前言
我需要使用mmSeg做遥感图像分割, 输入的图像有17个波段, 已经将数据转换成npy格式; 标签图像为png格式。
一张图像的大小约为512x512, 共约40张影像。由于数据量较少, 因此希望输入的数据为随机增强裁剪的大小为128x128的图像, 以最大程度利用数据增强的功能。
配置文件基于ISPRSDataset-Vaihingen(configs/_base_/datasets/vaihingen.py
)修改而来, mmSeg中对遥感影像处理方式就是直接裁切(tools/convert_datasets/vaihingen.py
), 不管你原本多大都给裁成512x512, 然后转成UInt8的png。
版本信息
mmcv 1.4.8
mmsegmentation 0.23.0
支持多波段输入
1 修改数据读取方法
mmseg/datasets/pipelines/loading.py:61
中写死了图片读取方式, 无法支持npy读取。
img_bytes = self.file_client.get(filename)
img = mmcv.imfrombytes(
img_bytes, flag=self.color_type, backend=self.imdecode_backend)
自定义新的文件加载管道模块 mmseg/dataset/pipline/mloading.py
, 并在 mmseg/datasets/pipelines/__init__.py
注册该模块。
主要是将文件读取方式改为了使用mmcv.load()
。
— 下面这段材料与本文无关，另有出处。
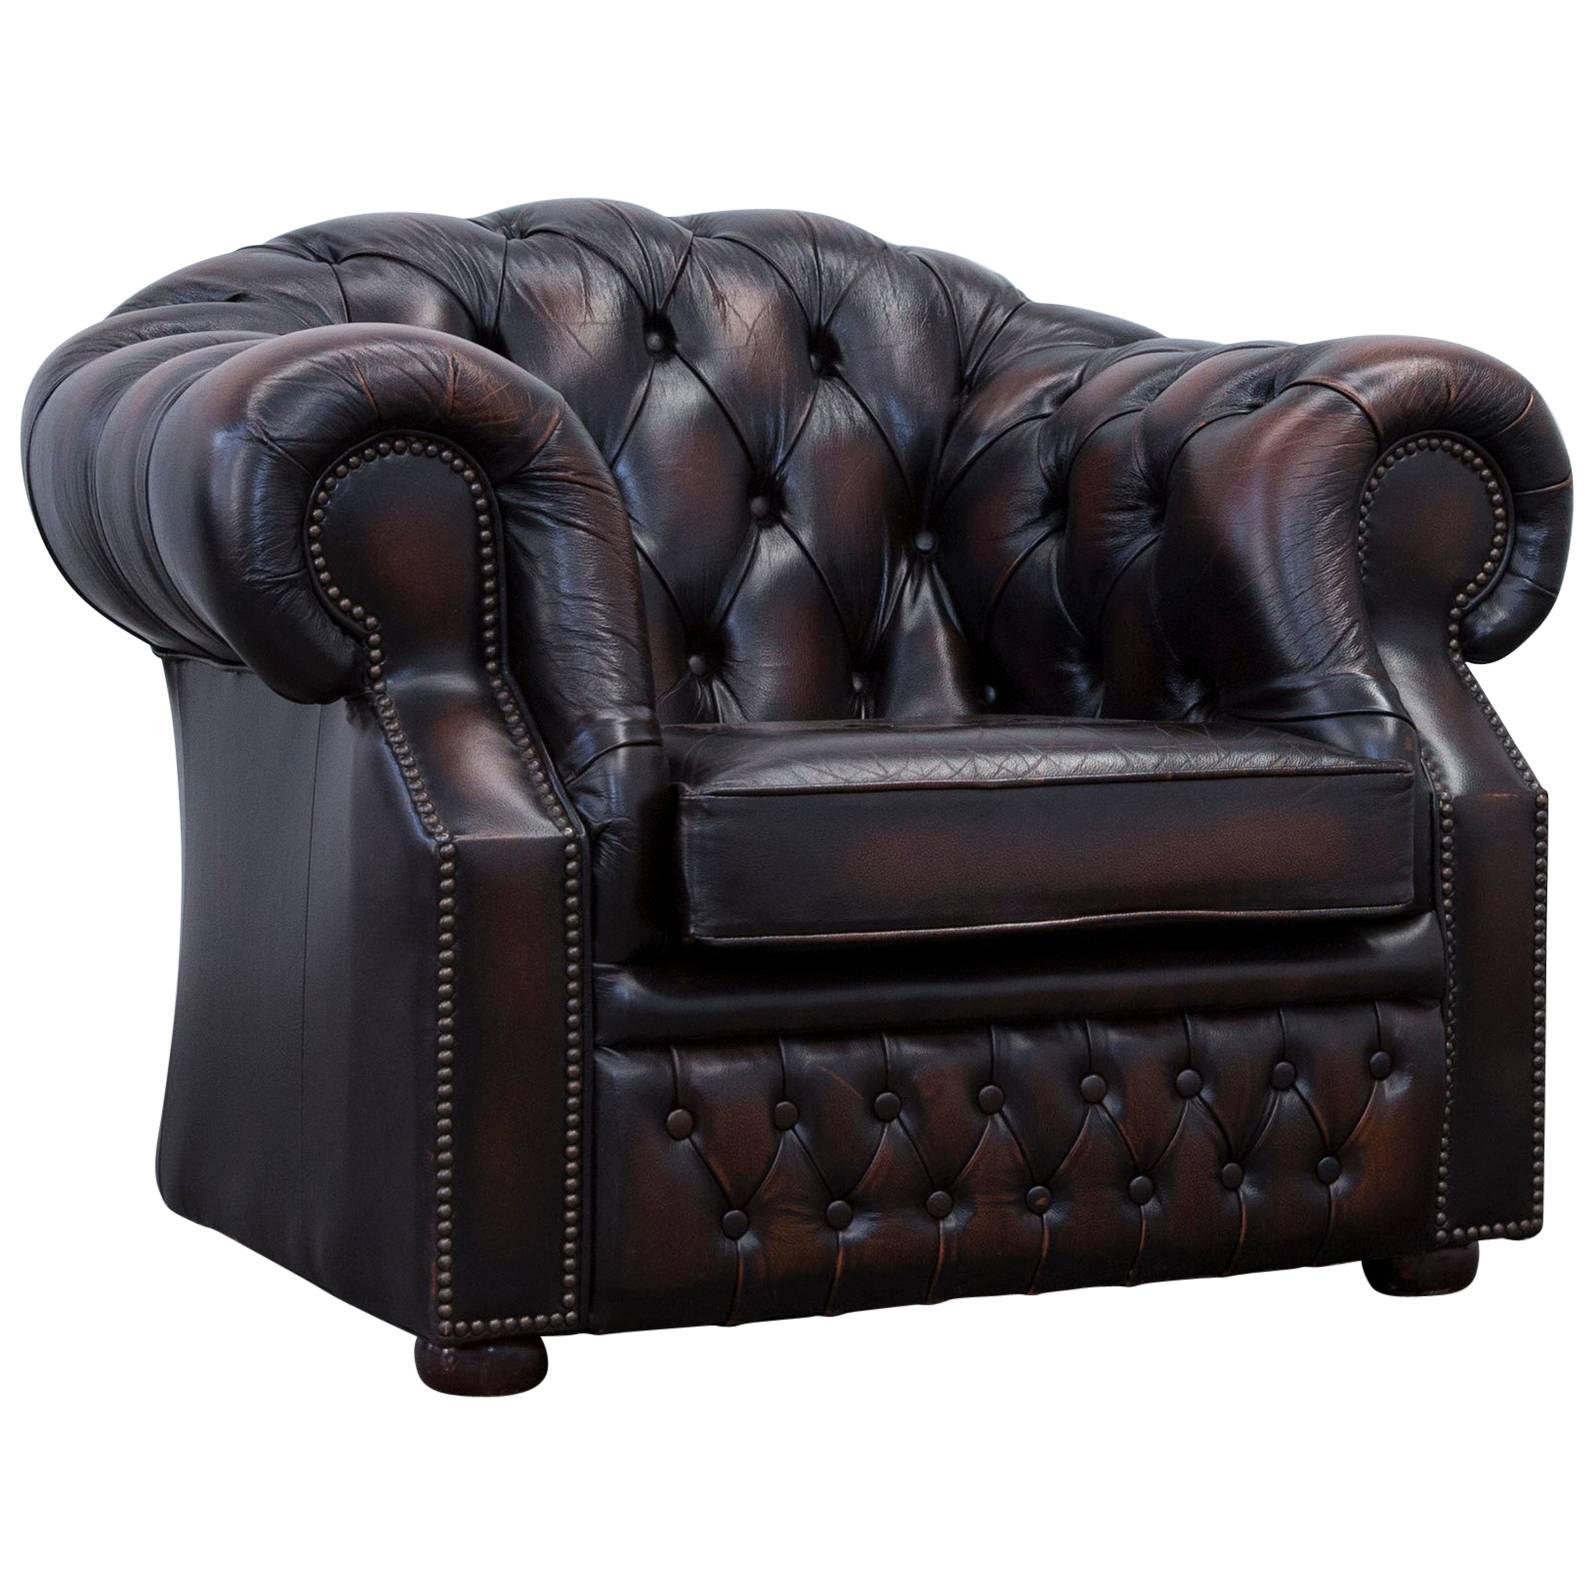 Chesterfield Armchair Leather Brown One Seat Couch Vintage Retro
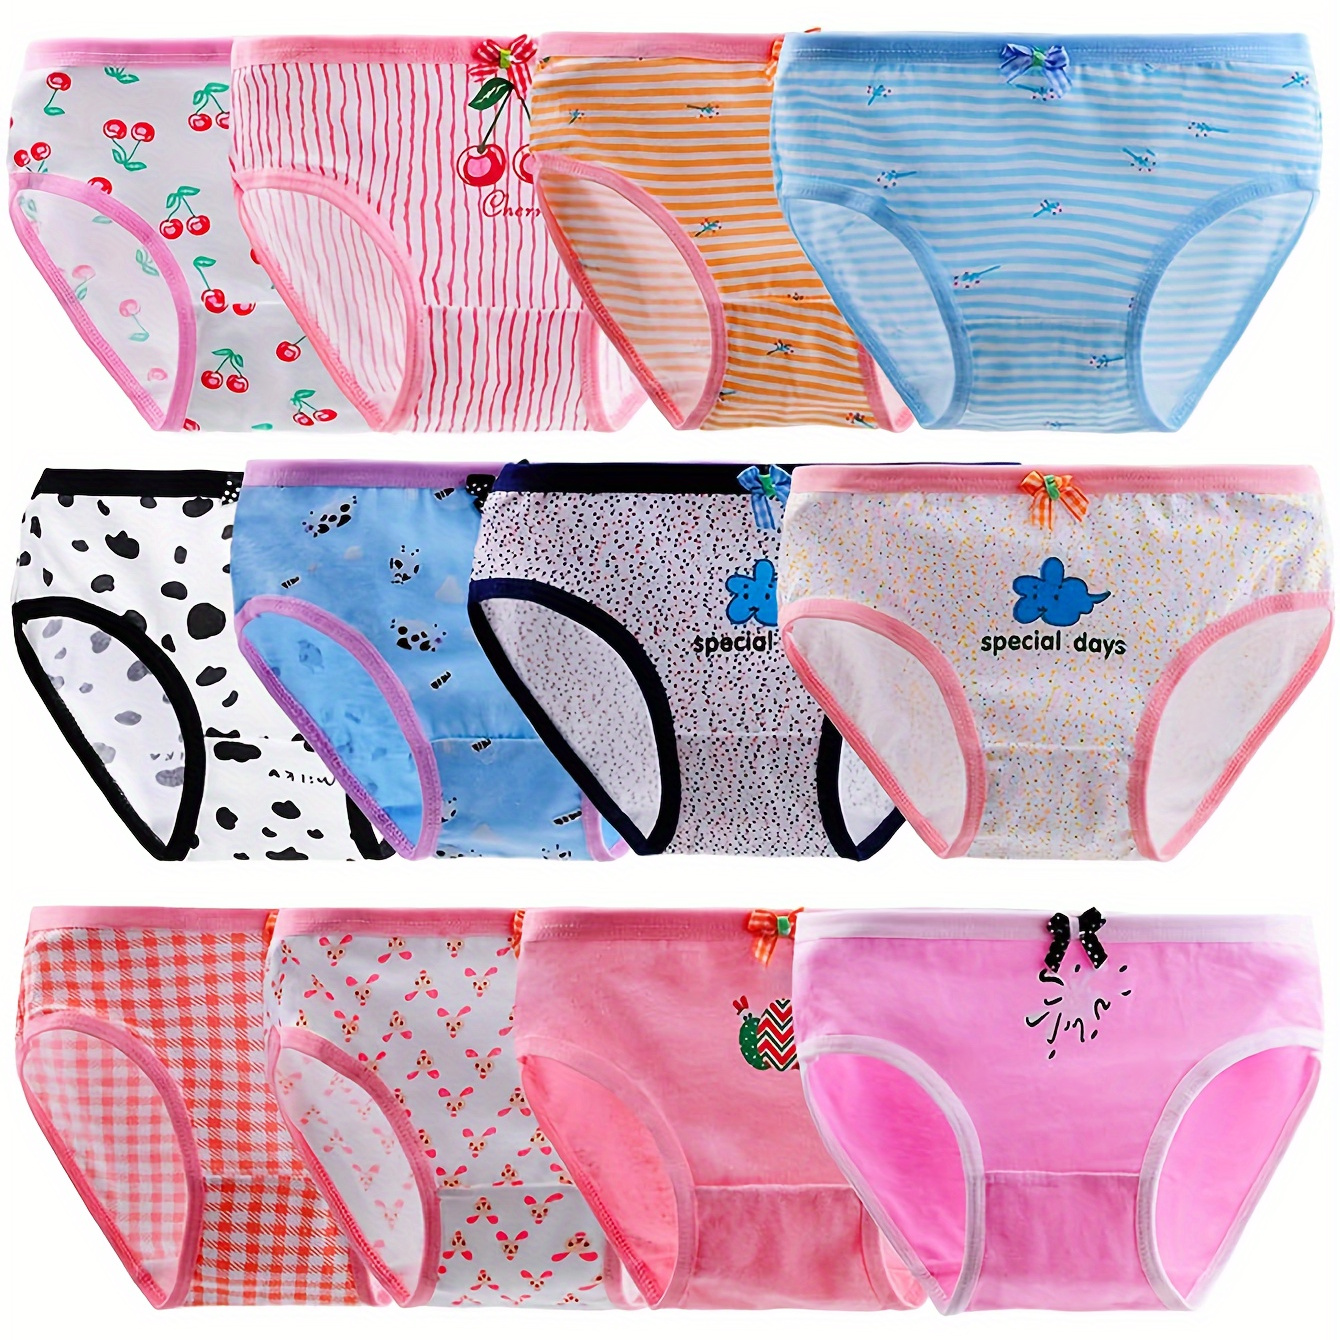 

12 Pairs Of Baby Briefs Soft And Comfortable Briefs Cotton Briefs Little Girl Group Briefs Ages 2-12

且使得mmcv.load()
支持npy
文件读写, 支持内存缓存。
import os.path as osp
import mmcv
import numpy as np
from ..builder import PIPELINES
@register_handler('npy')
class NpyHandler(BaseFileHandler):
str_like = False
def load_from_fileobj(self, file, **kwargs):
return np.load(file)
# 主要是提供了默认的rb模式
def load_from_path(self, filepath, **kwargs):
return super(NpyHandler, self).load_from_path(
filepath, mode='rb', **kwargs)
def dump_to_fileobj(self, obj, file, **kwargs):
np.save(file, obj)
# 主要是提供了默认的wb模式
def dump_to_path(self, obj, filepath, **kwargs):
super(NpyHandler, self).dump_to_path(
obj, filepath, mode='wb', **kwargs)
def dump_to_str(self, obj, **kwargs):
return obj.tobytes()
@PIPELINES.register_module()
class LoadMultiResolutionImageFromFile(object):
"""Load an image from file.
Required keys are "img_prefix" and "img_info" (a dict that must contain the
key "filename"). Added or updated keys are "filename", "img", "img_shape",
"ori_shape" (same as `img_shape`), "pad_shape" (same as `img_shape`),
"scale_factor" (1.0) and "img_norm_cfg" (means=0 and stds=1).
Args:
to_float32 (bool): Whether to convert the loaded image to a float32
numpy array. If set to False, the loaded image is an uint8 array.
Defaults to False.
color_type (str): The flag argument for :func:`mmcv.imfrombytes`.
Defaults to 'color'.
file_client_args (dict): Arguments to instantiate a FileClient.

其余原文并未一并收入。